## Assignment
Your answer must be an exact copy of the records below, minus any images.

= = = =

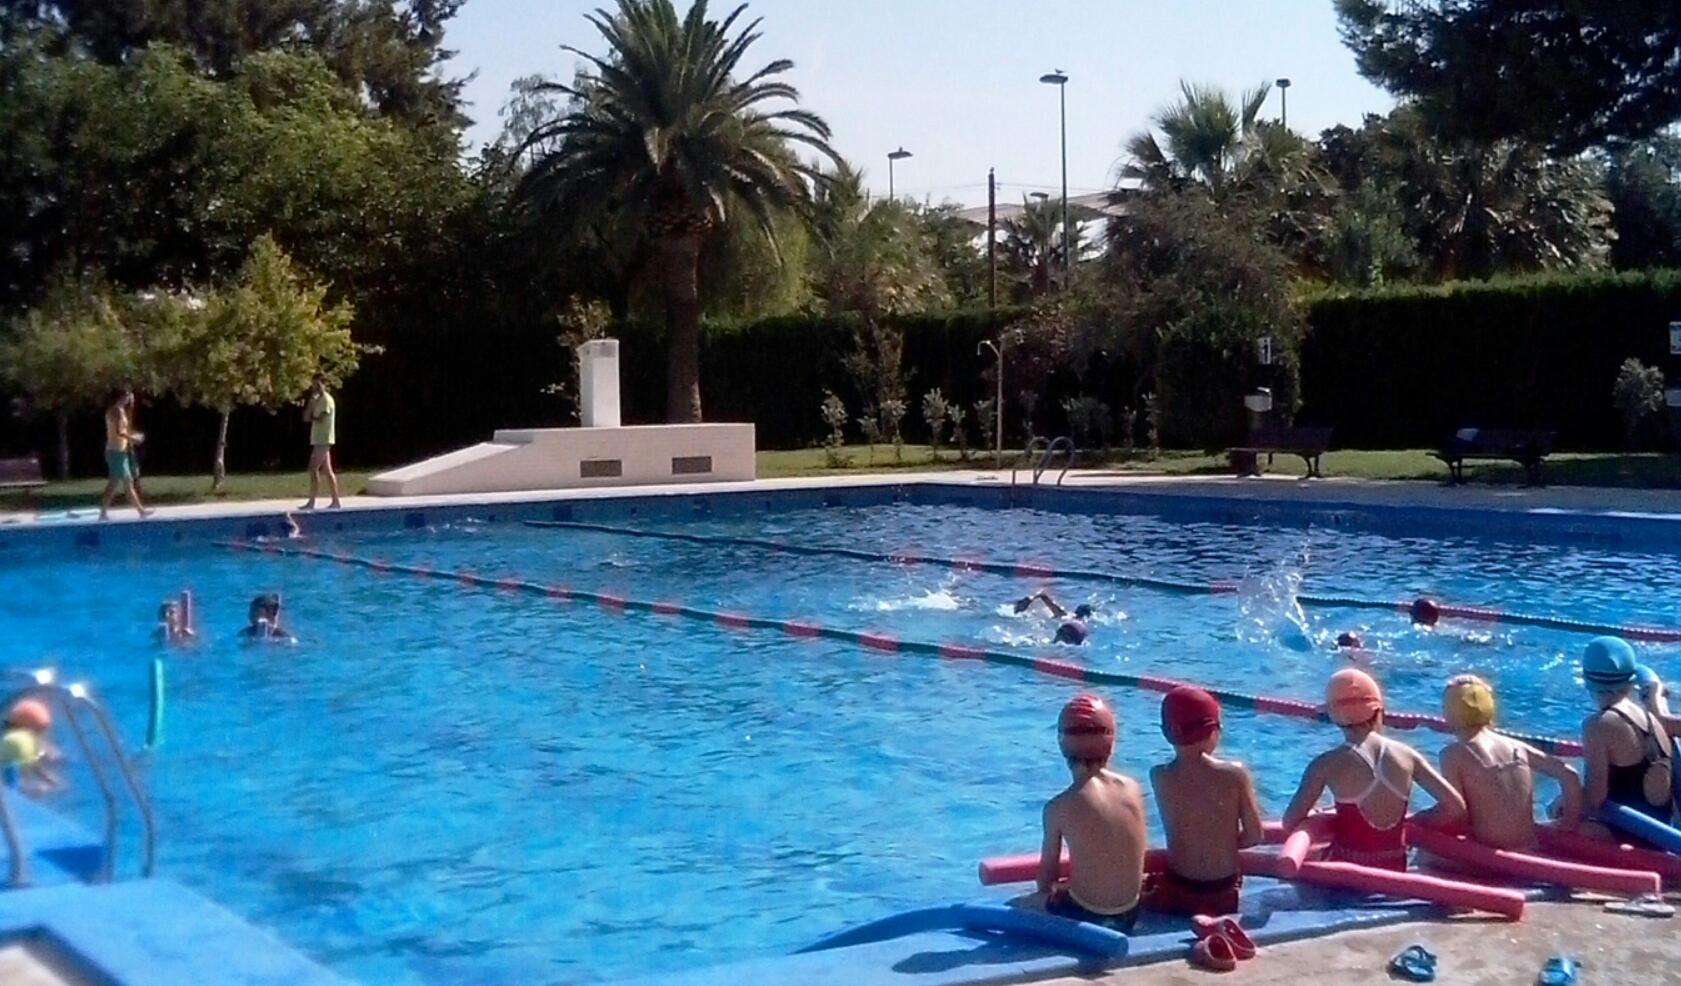 la piscina de verano de xirivella recibe m s de
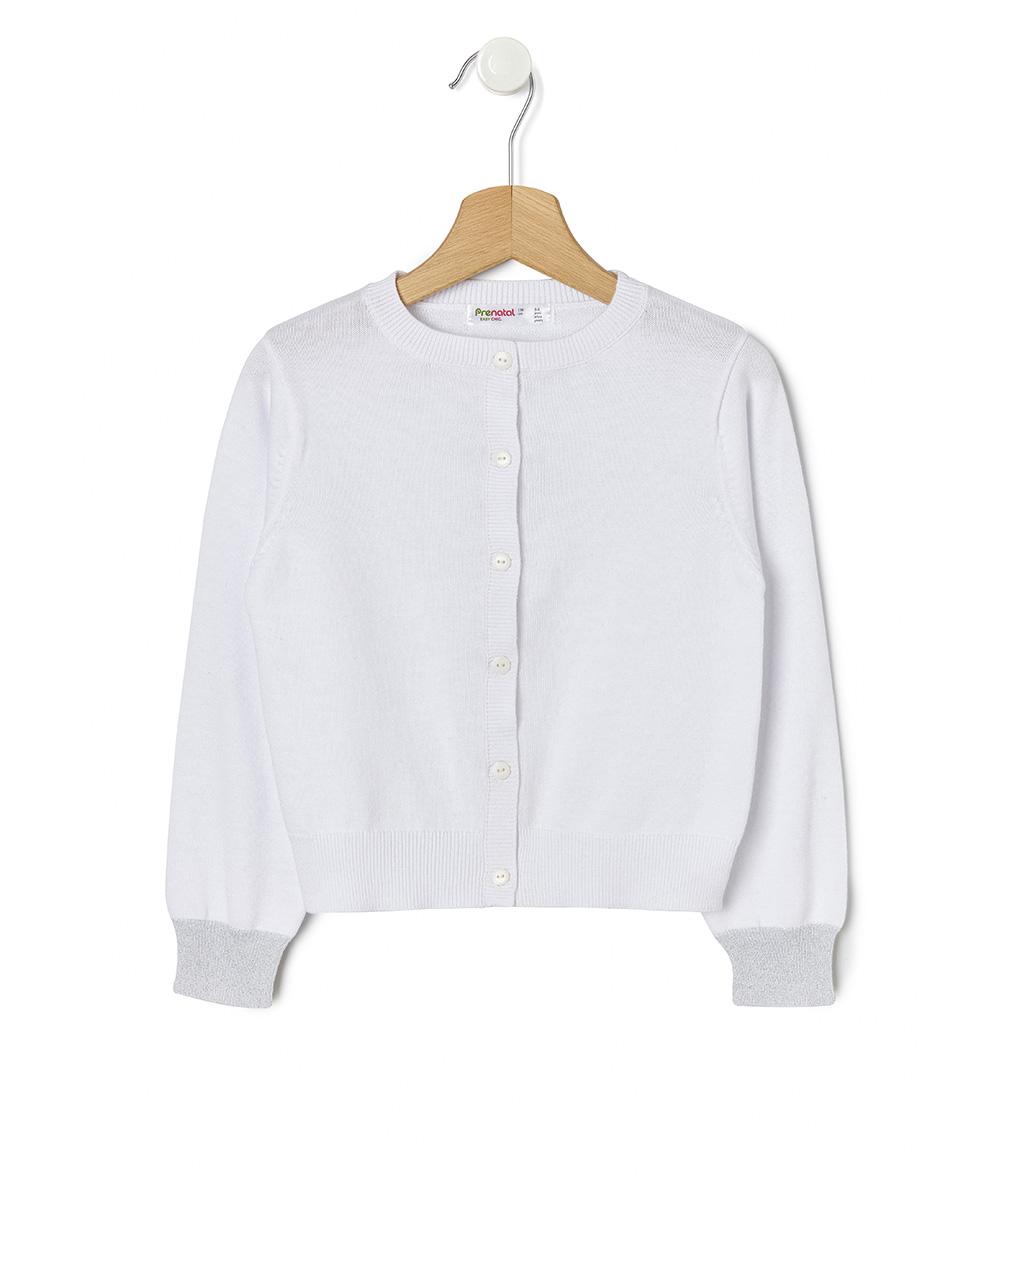 Ζακέτα Πλεκτή Basic με Lurex Λευκή για Κορίτσι
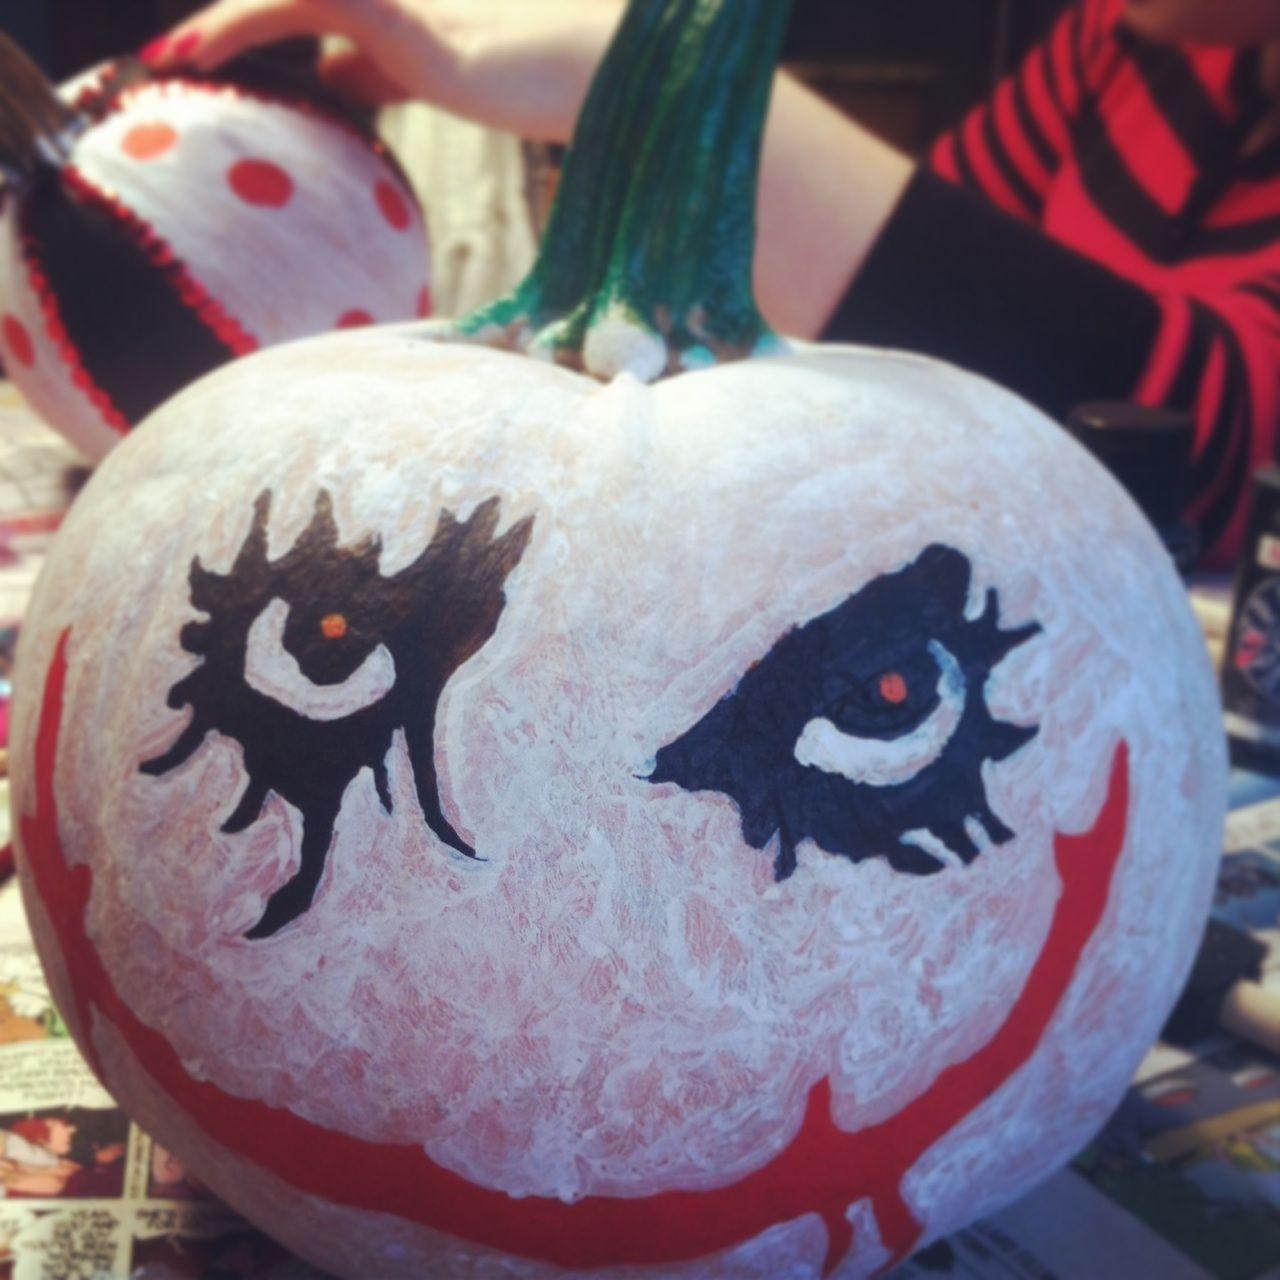 Painted My Pumpkin As The Joker For Halloween Batman Joker
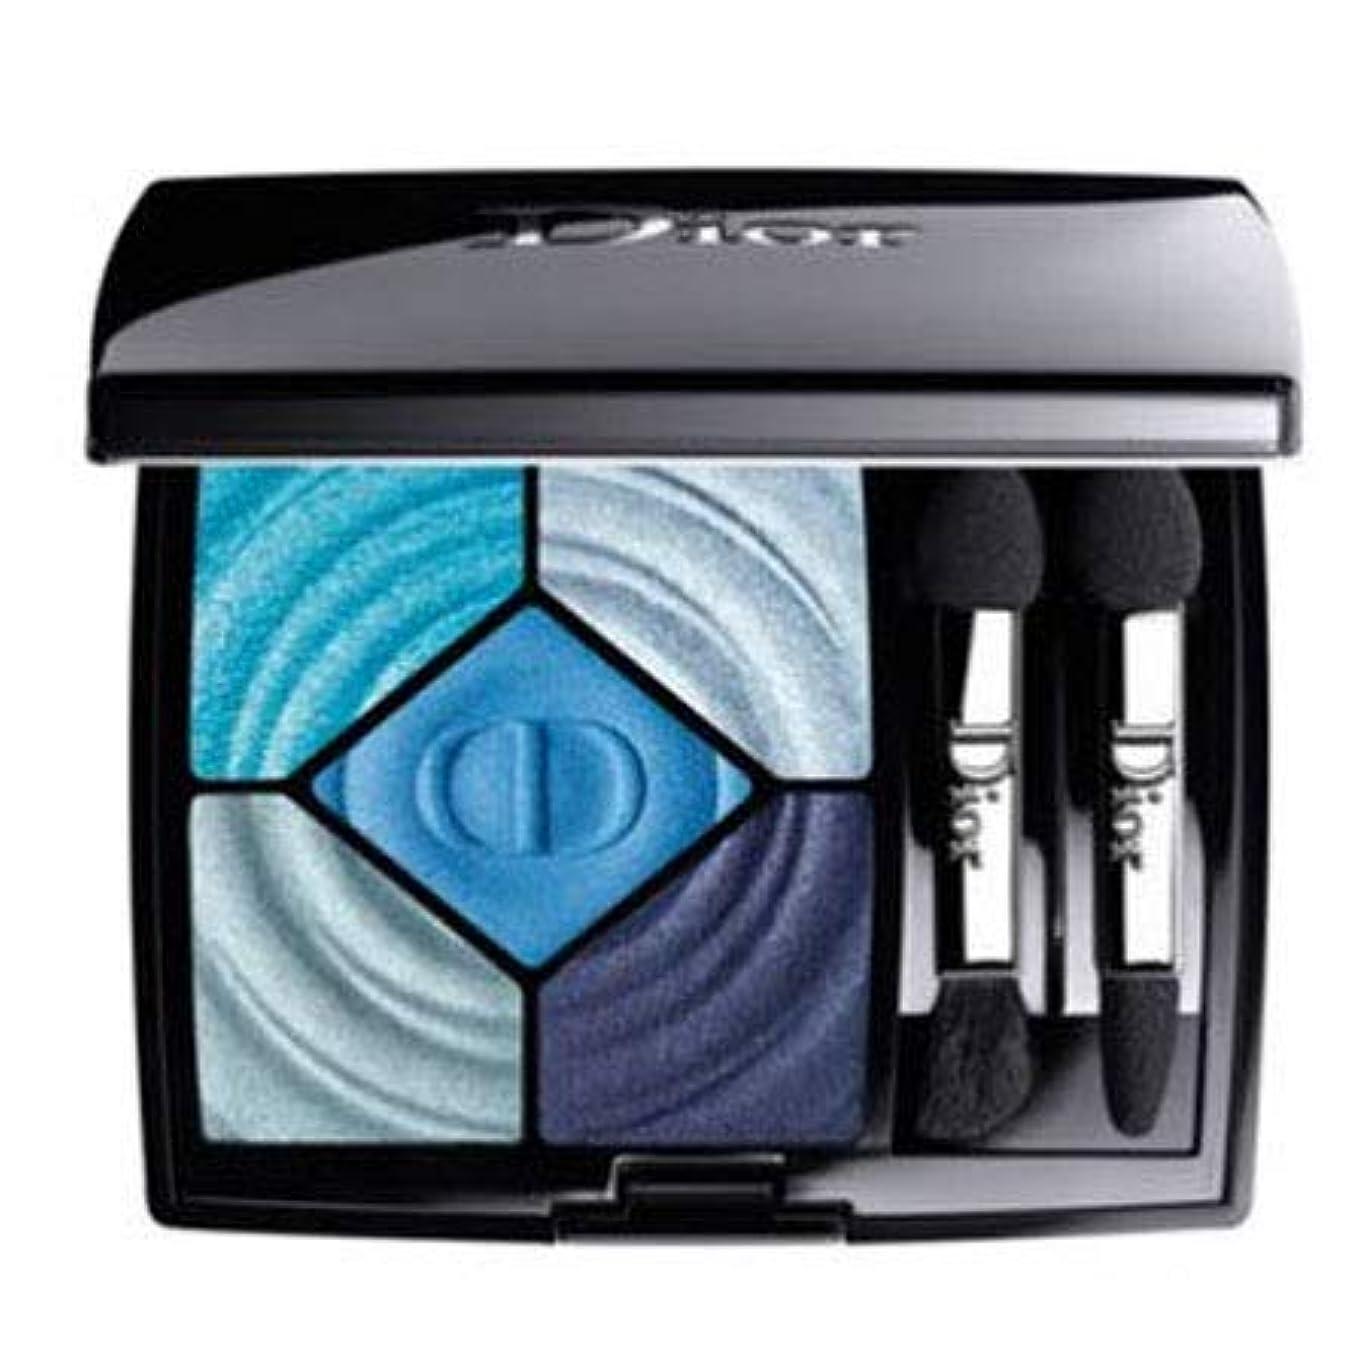 リブ神のフェードディオール サンク クルール 限定色 #367 クール ダウン -Dior- 【並行輸入品】
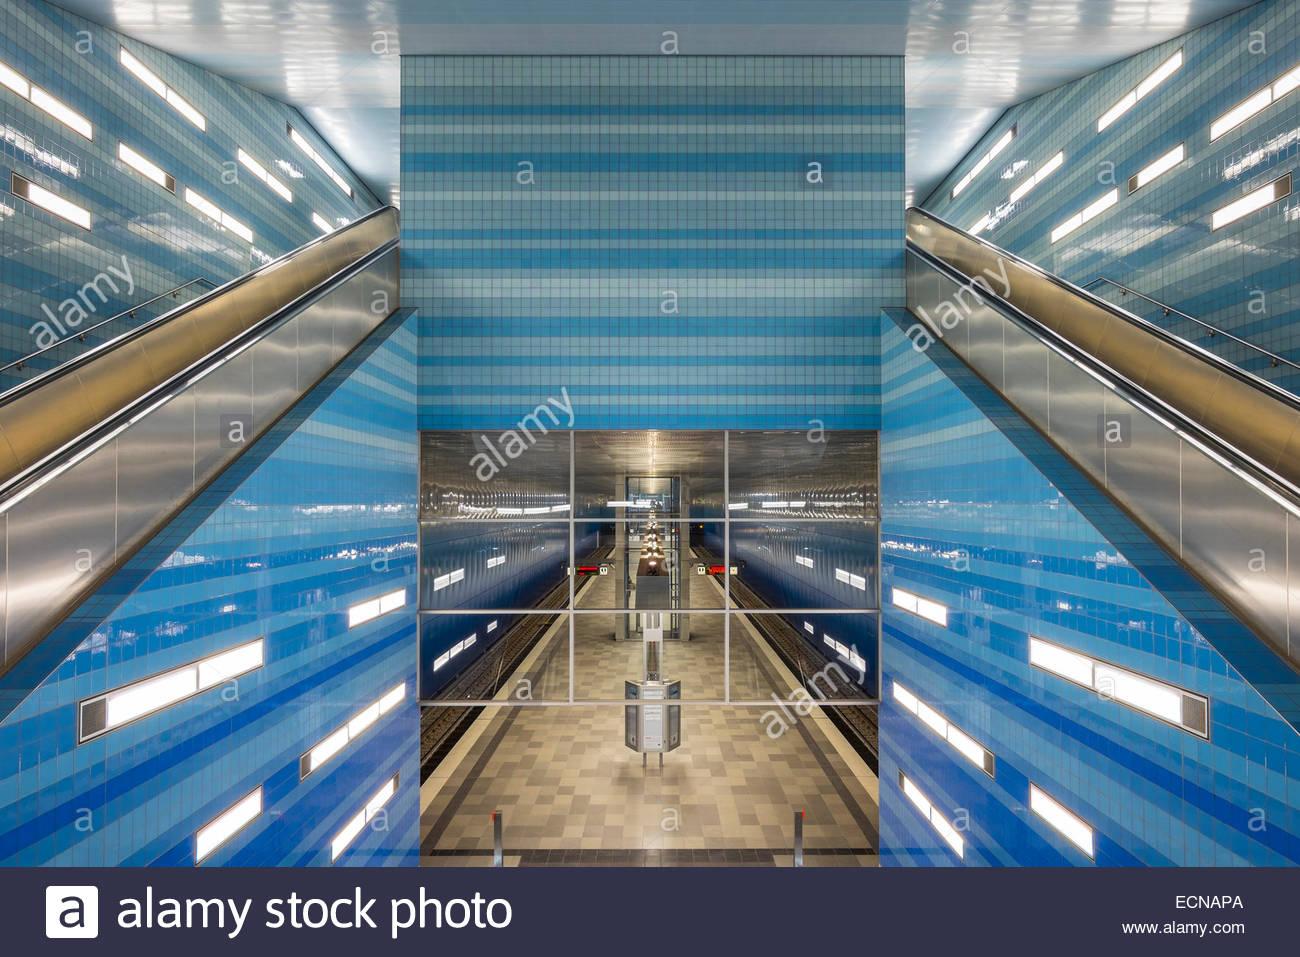 Überseequartier Station U4 U-Bahn-Linie, HafenCity, Hamburg, Deutschland Stockbild
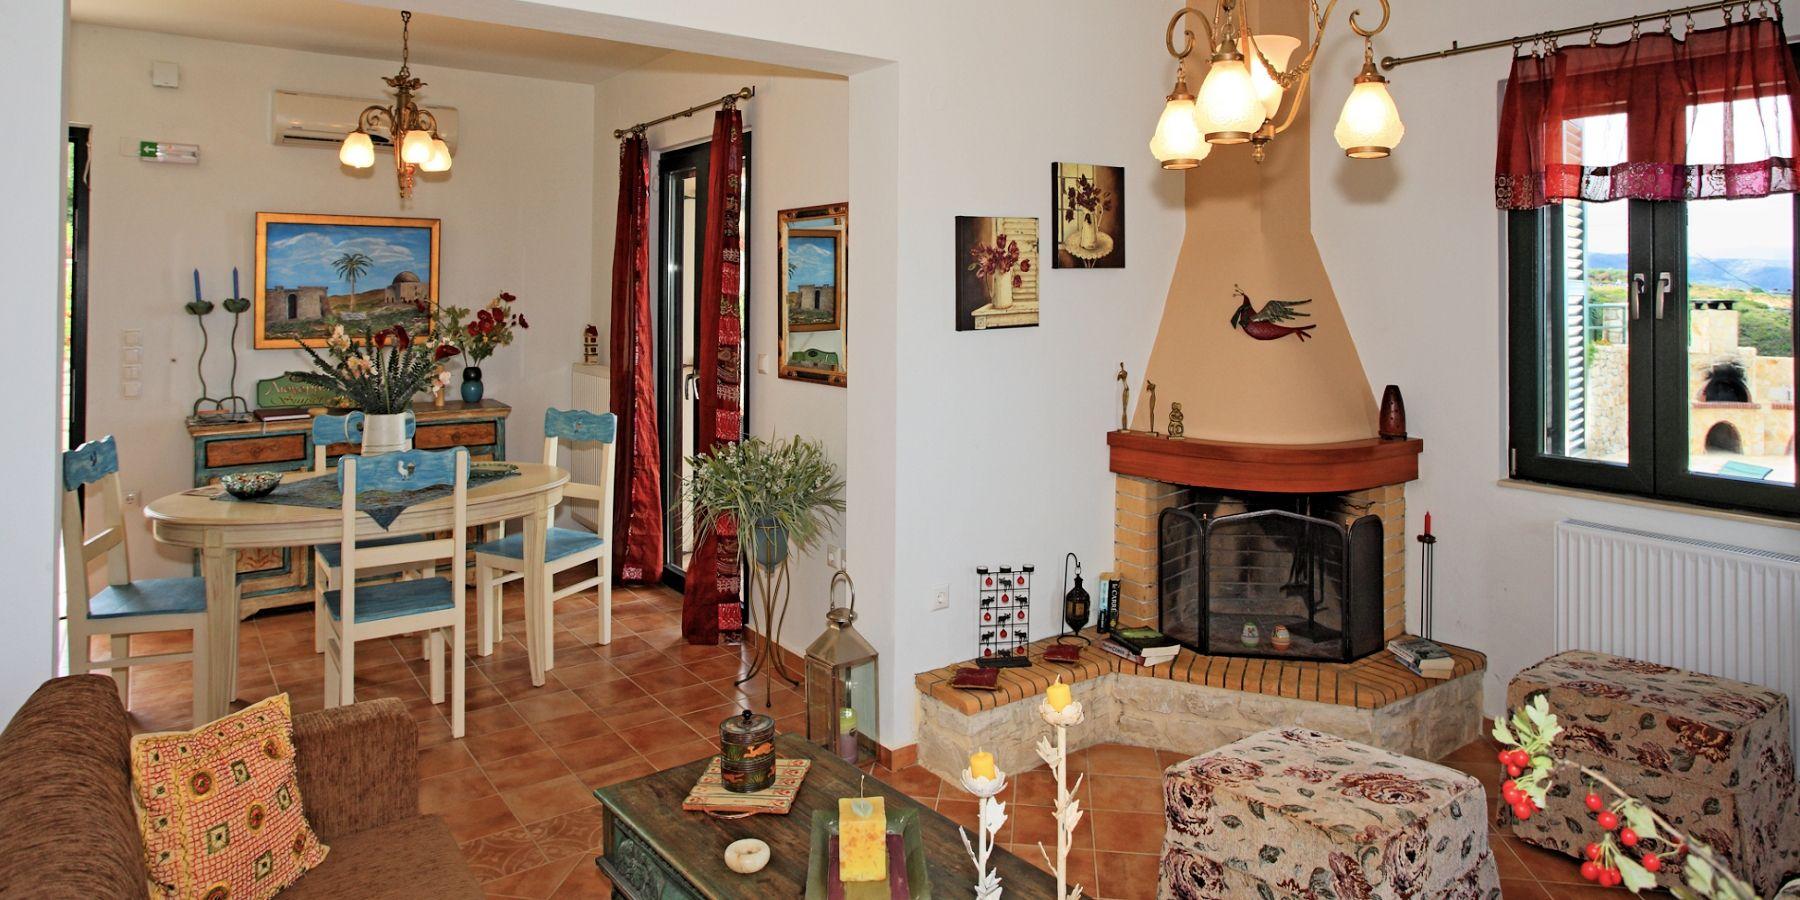 Ferienhäuser in Rethymnon Ferienhaus auf Kreta mieten Ferienhaus in ...

= = = =

## Exercise response
 la piscina de verano de xirivella recibe m s de
 Ζακέτα Πλεκτή Basic με Lurex Λευκή για Κορίτσι
 Painted My Pumpkin As The Joker For Halloween Batman Joker
 リブ神のフェードディオール サンク クルール 限定色 #367 クール ダウン -Dior- 【並行輸入品】
 Überseequartier Station U4 U-Bahn-Linie, HafenCity, Hamburg, Deutschland Stockbild
 Ferienhäuser in Rethymnon Ferienhaus auf Kreta mieten Ferienhaus in ...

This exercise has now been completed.